Lelaki berkemeja hitam panjang menunggu dengan helm yang masih terpasang di kepalanya. Aku keluar perlahan-lahan menjaga riasan yang dipakaikan ibu tetap terjaga, dan terlihat cantik di matanya. Ibu memakaikanku gaun berwarna krem selutut, dan sepatu hak berwarna merah yang cantik. Begitu mata kami bertemu, kami saling berpandangan untuk sesaat. Matanya berbinar memandangi wajahku, dan mulutnya yang ragu-ragu mulai terbuka.
"Cantik." Ucapnya singkat. Kata-katanya yang pendek itu menaikkan antusiasmeku hingga ke ubun-ubun. Cukup dengan satu kata itu, aku bisa menjalani sisa hariku dengan bahagia.
Kami mengelilingi kota dengan motor barunya, dan menikmati pemandangan lampu yang kelap-kelip di malam itu. Untuk saat itu saja, aku ingin dunia berhenti berputar, dan melihat pada kami saja. Kami banyak berbagi kisah, dan menukar tawa, hingga tidak menyadari munculnya rintik-rintik air kecil dari langit yang datang bersamaan dengan bahagia kami.

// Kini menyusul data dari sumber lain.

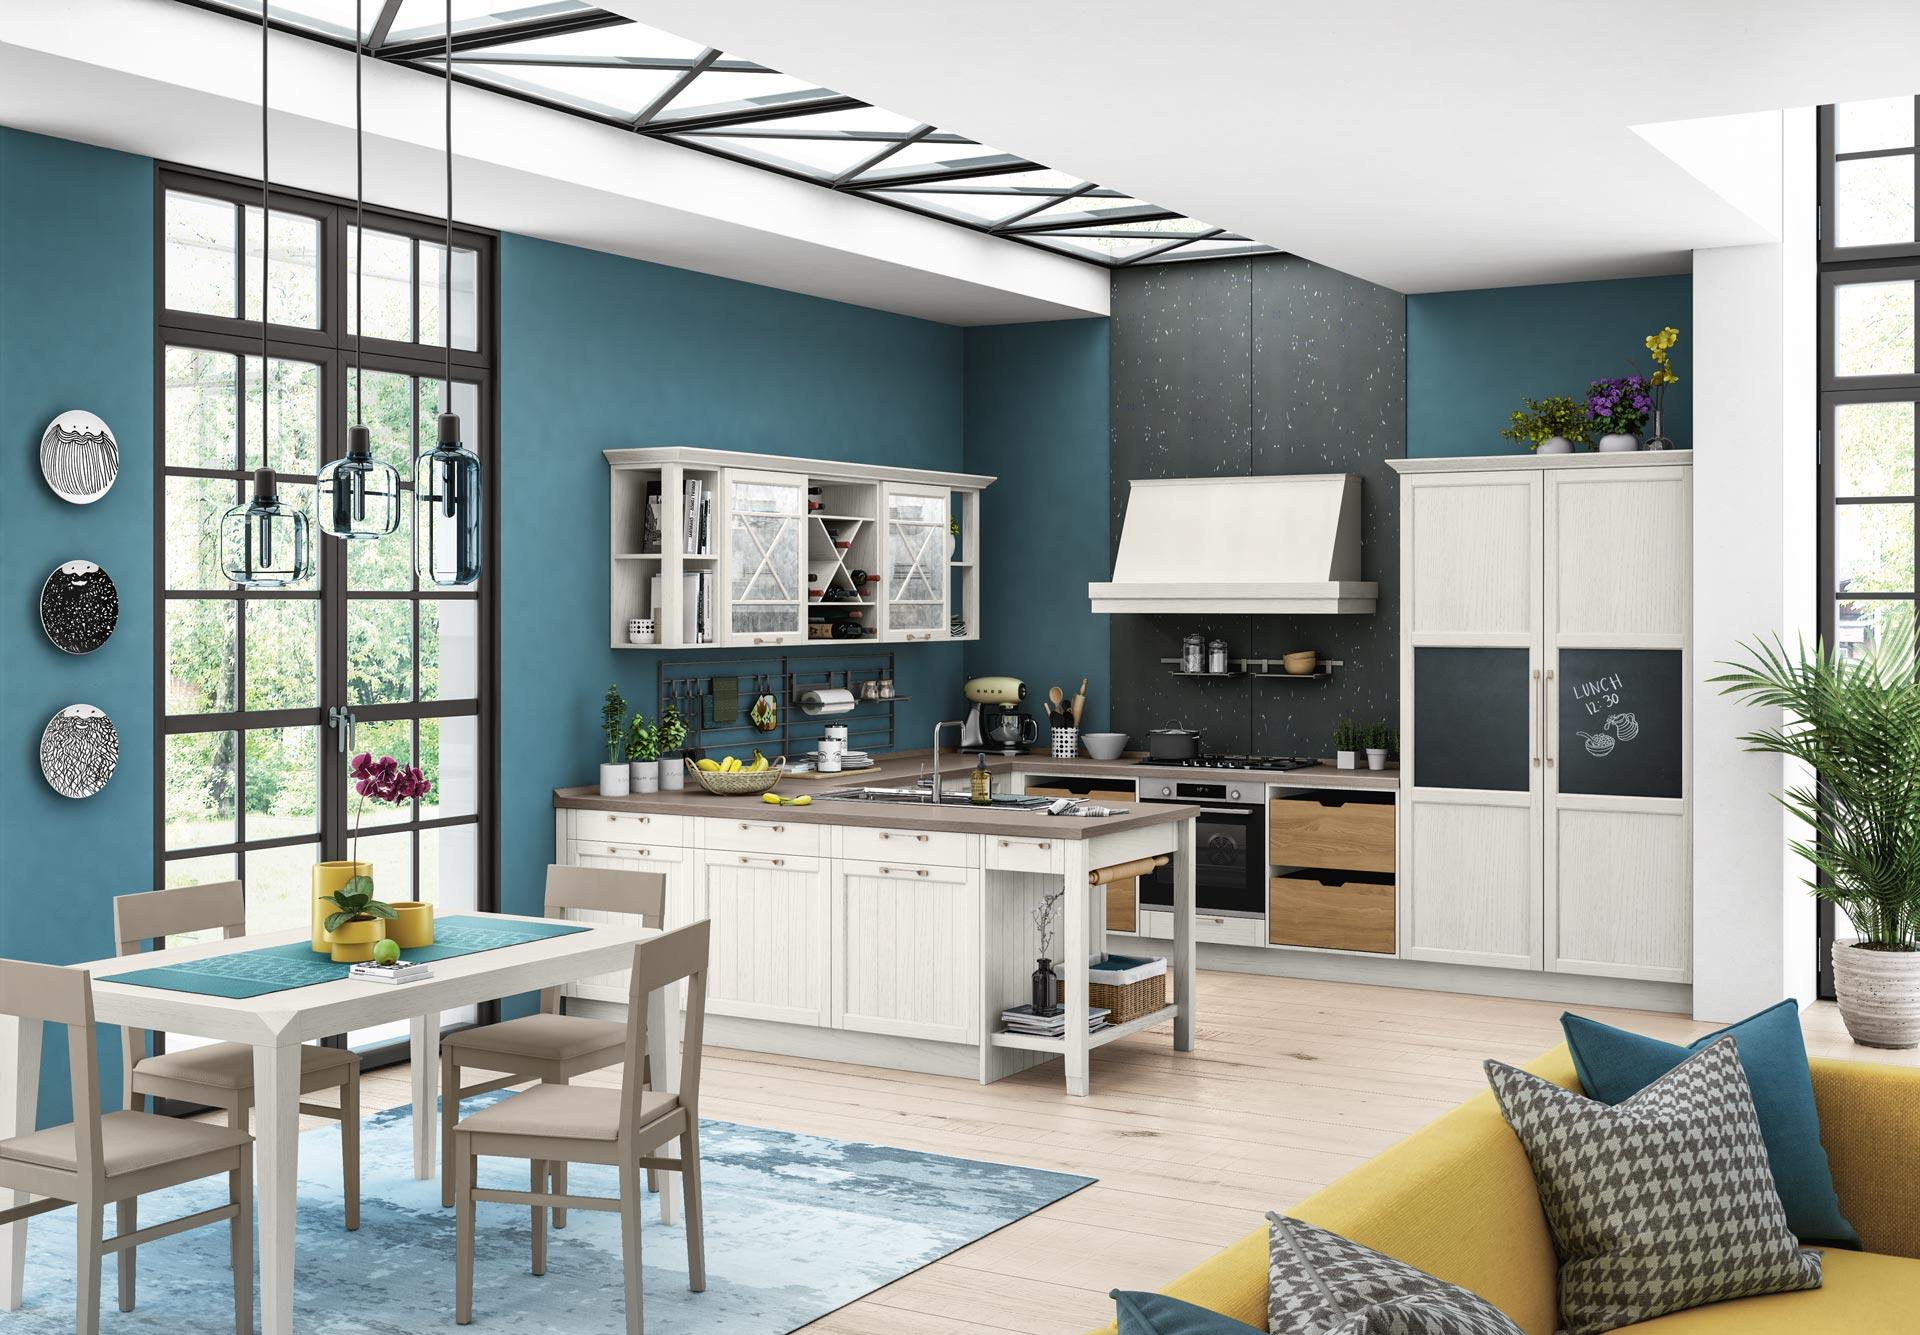 Arredare Mensole Soggiorno come arredare il soggiorno? | arredare la cucina

"Fay, kayaknya ujan deh, neduh dulu, yuk." Pekik Kak Abi kencang. Aku mengangkat tanganku ke udara, merasakan air yang menetes menyentuh kulitku, rasanya sangat asing, . Sudah lama sejak hujan terakhir yang aku rasakan, sejak aku didianosis memiliki penyakit ini, orang tuaku sangat paranoid mengenai perkiraan cuaca, dan kondisi yang aku alami. Aku hanya bisa melihat hujan dari kaca jendela kamarku, berharap bia menembusnya. Lama-kelamaan hujannya semakin deras menerpa kami, Kak Abi masih mencari tempat untuk kami bisa berteduh. Wajahnya panik, khawatir akan terjadi sesuatu denganku. Aku melihat tubuhnya yang mulai tidak tenang dari belakang, kemudian memasang bibirku mendekati telinganya, dan berbisik.
"Aku nggak papa, kok." Sembari memeluk tubuhnya dari belakang. Ia tersenyum, dan menepi ke pinggir jalan, di depan toko-toko yang sudah tidak lagi beroperasi. Tidak kusangka, tubuhku akan basah kuyup bahkan sebelum pergi ke acara makan malamnya. Begitu juga Kak Abi, penampilan kerennya kini sudah ditutupi dengan pakaiannya yang lembab.
"Hahaha, basah semua ya, Kak." Ucapku menggodanya. Ia terkikik.
"Yah, kayaknya kita nggak bisa ke restorannya, deh. Waktu reservasinya udah mau lewat, padahal ujannya gede gini.." Keluh Kak Abi kesal. "...maaf ya, Fay." Lanjutnya. Aku mengambil tisu keluar dari tasku, dan menepuk-nepuk kemejanya yang basah perlahan.